- **TASK INPUT**:

--

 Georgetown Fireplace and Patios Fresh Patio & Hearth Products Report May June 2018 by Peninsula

--

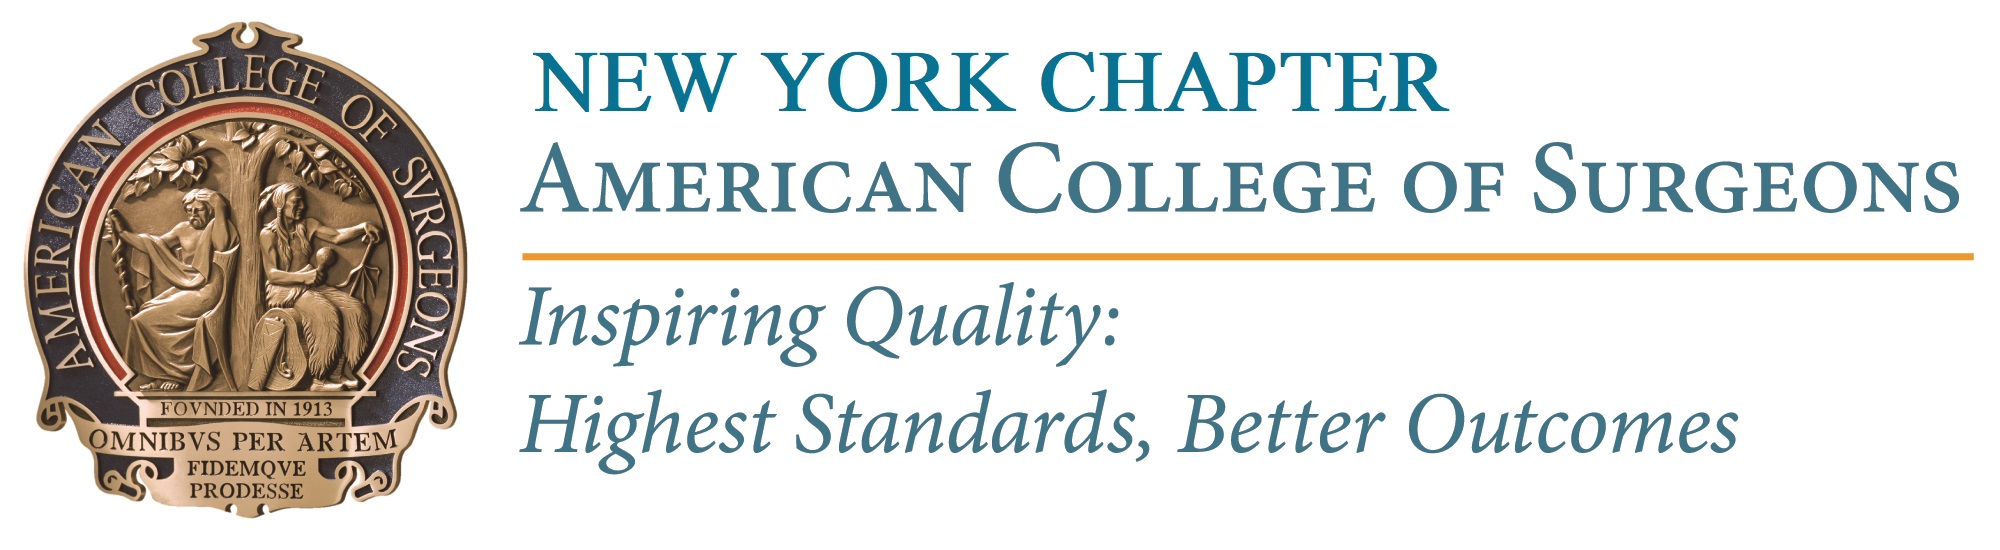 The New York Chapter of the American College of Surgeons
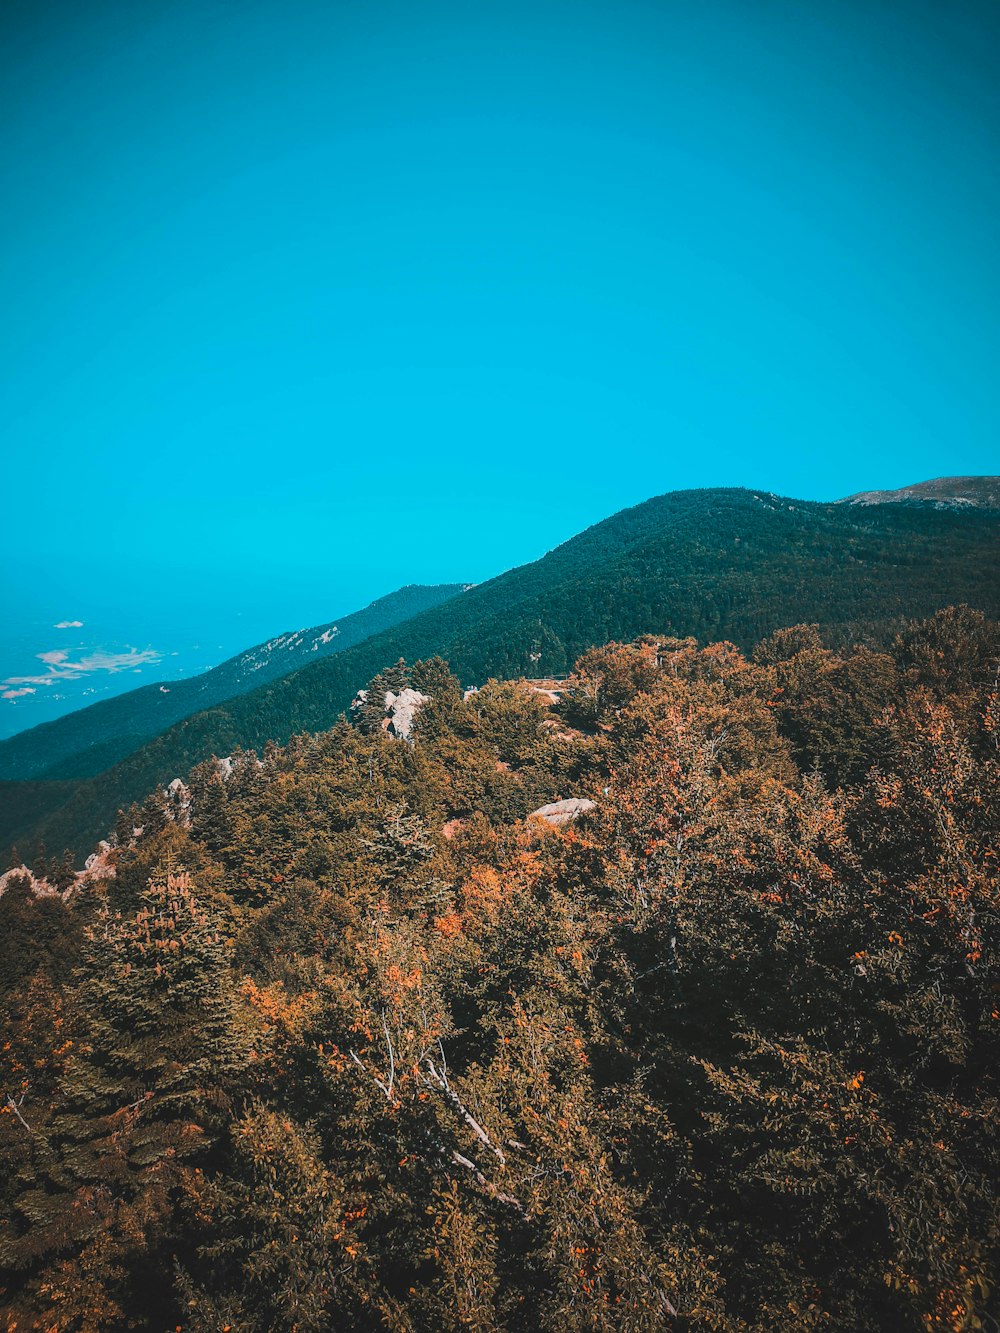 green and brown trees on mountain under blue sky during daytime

--

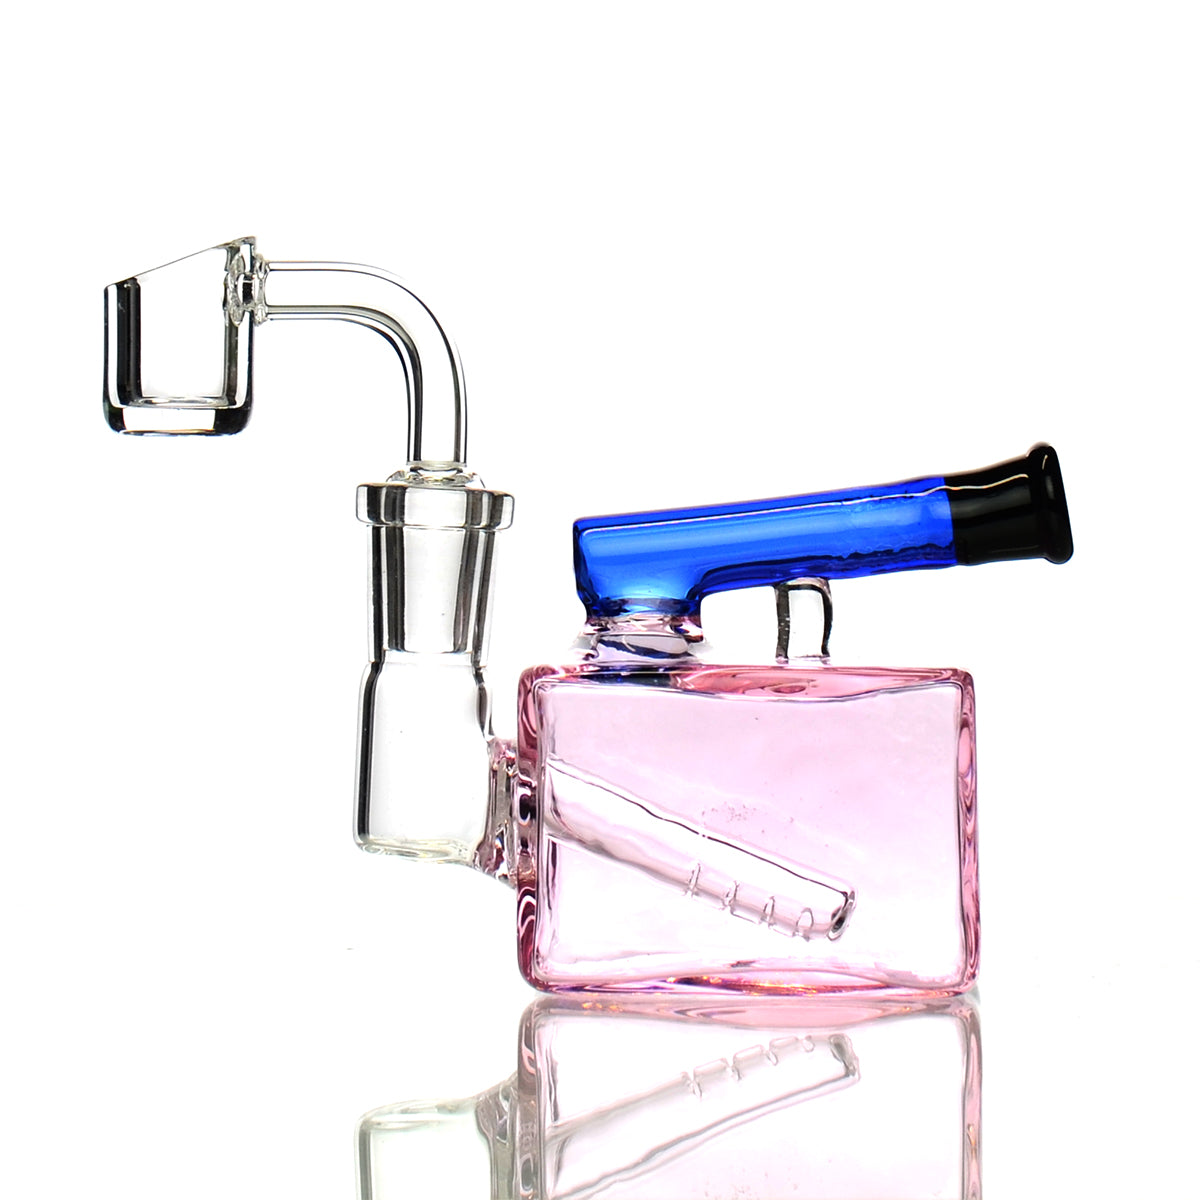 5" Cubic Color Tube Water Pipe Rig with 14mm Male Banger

--

For the entries above, print exactly the lines between the one with "The New York" and the one with "green and brown", inclusive, with no pictures.

 The New York Chapter of the American College of Surgeons
 green and brown trees on mountain under blue sky during daytime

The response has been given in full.